|Elfquest: Skyward Shadow. Written by Bern Harkins and Richard Pini. Illustrated by Delfin Barral and Charles Barnett. Poughkeepsie, NY: Warp Graphics, 1999. 1v. (unpaged). (Elfquest Reader's Collection, Book 13a). $11.95. ISBN 0-936861-49-5.|
After experiencing life on the Scavengers' ship (which includes plants given them by elves), Chandra and the boys are alerted to intruders on the Cam Triompe and realize what must be happening. They and a small rescue party of Scavengers race to the Cam, where they find Rosie captive and Shimmer threatening her captors with energy bolts. When one of the Scavengers sneers that killing a child would be a wonderful thing on the captor's epitaph, the captors, ashamed, release her. The leadership of both factions is brought together, and Shimmer, acting as Binder, resolves the feud.
Situation resolved, the Rebels stealthily return to Abode [I'm not sure why]. Scorch looks up his father, who is annoyed at him for not checking in to "let him know he's alive!" Then Scorch learns that this year, no Chirell will be competing in the Wayfair International, a major auto racing event (the Chirells are a major racing family). Despite the risk of capture, Scorch decides to impersonate his cousin Frix and race. However, one of the other racers is Elan Junnard. His uncle just happens to be Halm Junnard, the Skyward official pursuing the Rebels--and he's here in the garage, eager to meet "Frix" and pump him for info about Scorch. Scorch successfully fakes him out. Later Elan overhears "Frix" telling Chandra and Cosmo about the encounter, and their reluctant decision to let Scorch race. However, he diverts his uncle from immediately capturing Scorch when the news breaks that the real Frix is at the Fishery Institute. Elan convinces his uncle that it must be Scorch at the Fishery Institute. Later he confesses to Scorch that he didn't want to knock the only Chirell out of the race.

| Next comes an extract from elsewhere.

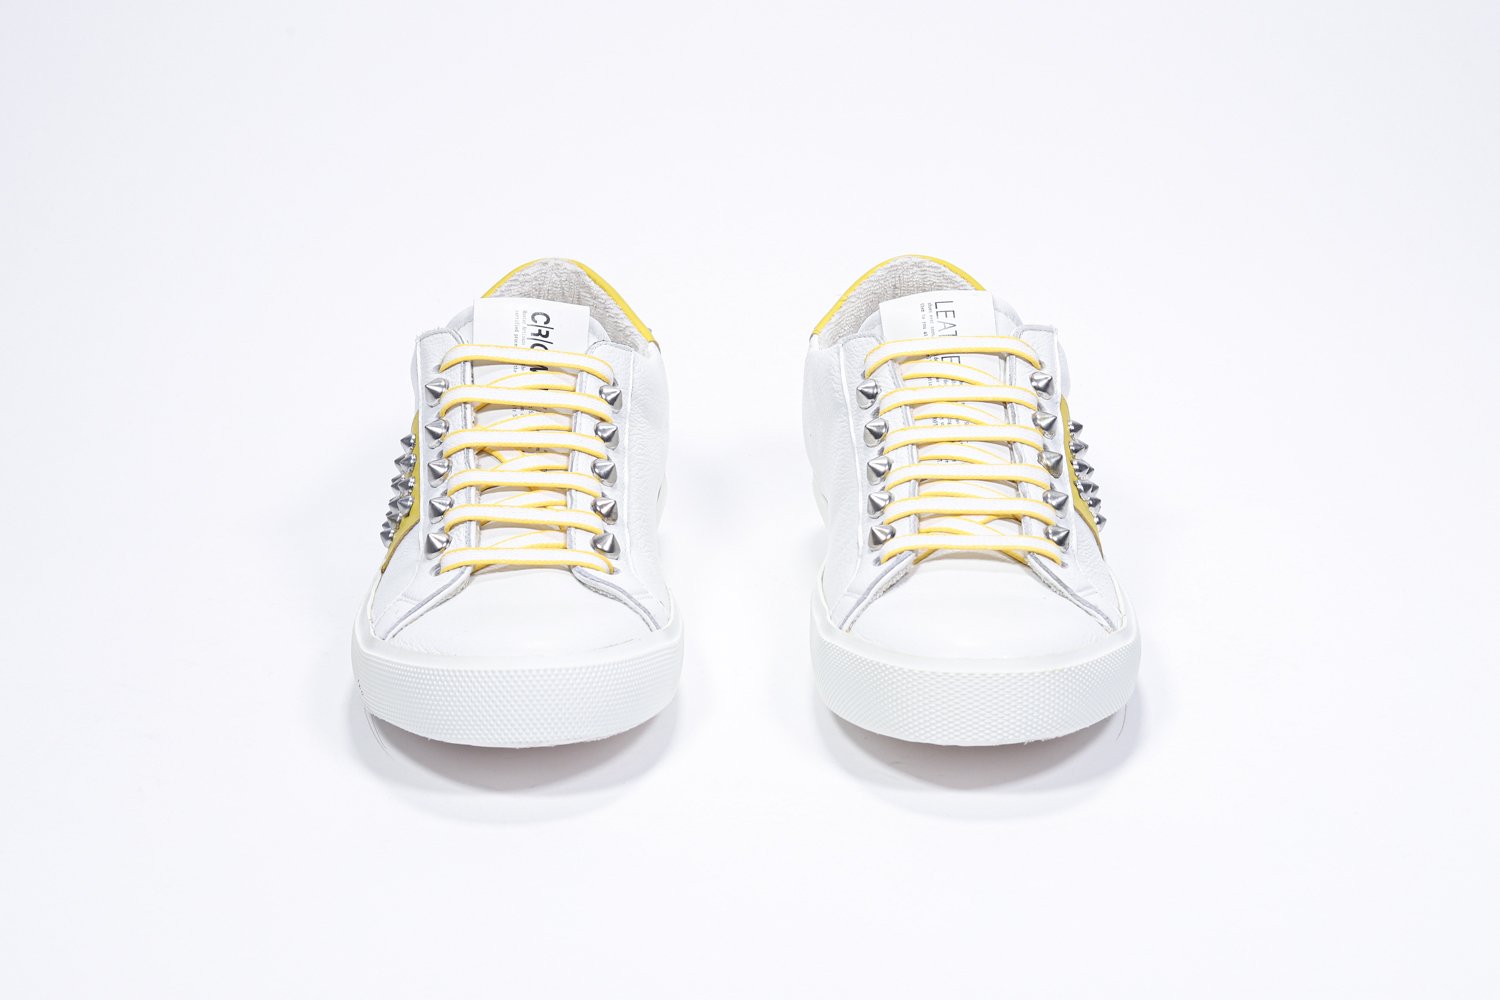 Vista frontale di BASSE bianco e giallo sneaker. Tomaia in pelle con borchie e suola in gomma bianca.

Of course, the Skyward forces quickly determine that Frix is Frix and that Scorch really is racing. However, with limited authority on the surface of Abode, the Skyward is unable to halt the race, so they merely send fighters to tale Scorch as he races. The others are forced to rescue him in the Cam Triompe. From there they travel to Cauldron City, an industrial city on rails that continually circles the polar region of the Mercury-like planet Cauldron, always just ahead of the scorching sun. The Rebels are planning to meet L'cota there. L'cota is there, but he has a plan to turn the Rebels into heroes by letting them save the city from a plot to destroy it. However, the person chosen to carry out the plot--a female terrorist named G'kahrii S'ha--has no intention of doing the minor damage that L'cota wants done. No, she wants the entire city destroyed....

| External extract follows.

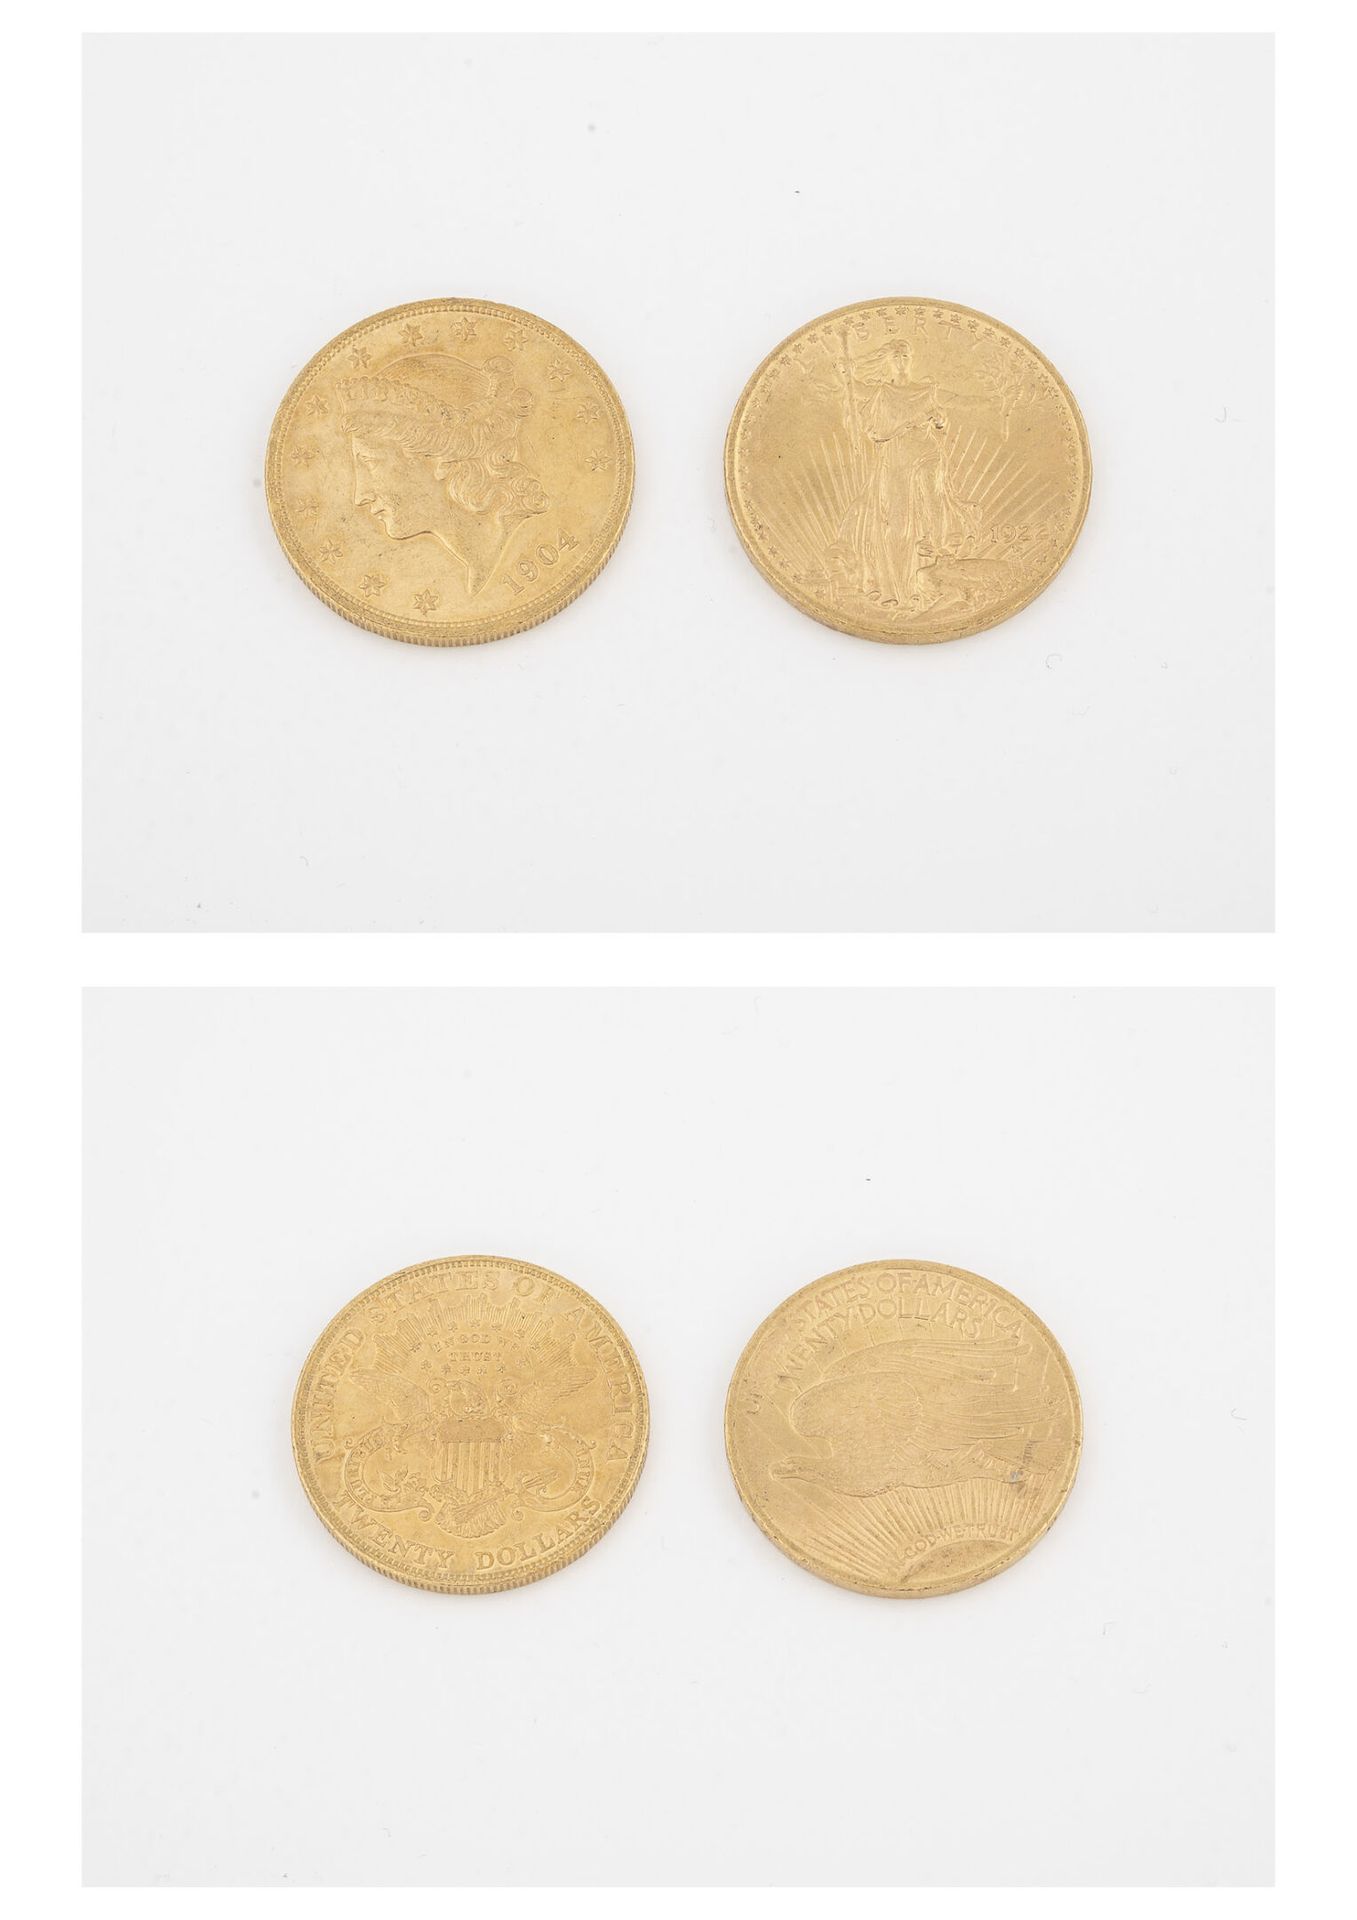 ÉTATS UNIS Deux pièces de 20 dollars or, 1904 et 1922. 

Poids total : 66.8 g. 
&hellip;

Part of the problem may be the unbelievable reasonableness of the various people encountered. When the surprise entrance of Cosmo and Scorch into the "derelict" ship results in the death of one of the Scavengers, no one irrationally blames the two. Later, the leaders of the factions are willing to put aside their long feud because of a few words spoken by Shimmer. And when the Rebels are captured during the crisis in Cauldron City, their Skyward captors are perfectly willing to let Scorch go free in order to help save the city. I would have preferred more believably unreasonable behavior from these people, forcing the Rebels to act creatively to accomplish their goals. (I'm reminded of one of the philosophies behind Star Trek: The Next Generation: that humans have managed to put aside their differences and now all work together in harmony. That's a nice dream, but it removes tons of plot possibilities from fiction. The problem isn't quite the same in Skyward Shadow, but you see what I'm getting at, I hope.)
The art may also be to blame for removing some of the drama from the book. Though it is certainly attractive and clean, with excellent depictions of people, it's also pretty conventionally structured, and some of the artistic decisions made were not the best. For example, when Scorch's car is shadowed by fighter craft just above, the craft are drawn in such a way as to make them look like the components of a futuristic bridge that Scorch is passing under, rather than moving vehicles. At no time did he look menaced. When Shimmer acts as a Binder, he should look striking and powerful, but both times he exercised his "vocation," he was mostly depicted from the back, with the emphasis instead placed on the people he's judging--thus depriving us of the chance to see him as they see him.
It's possible the teaser on the back cover, promising a search for the missing elves that is never delivered, raised my expectations inappropriately. But even taken as regular science fiction this book is only occasionally inspired. I applaud the attempt to create SF with a minimum of combat and bloodshed, but surely there are more interesting plot devices than auto races to fill in the gaps. Recommended as part of the general Elfquest series.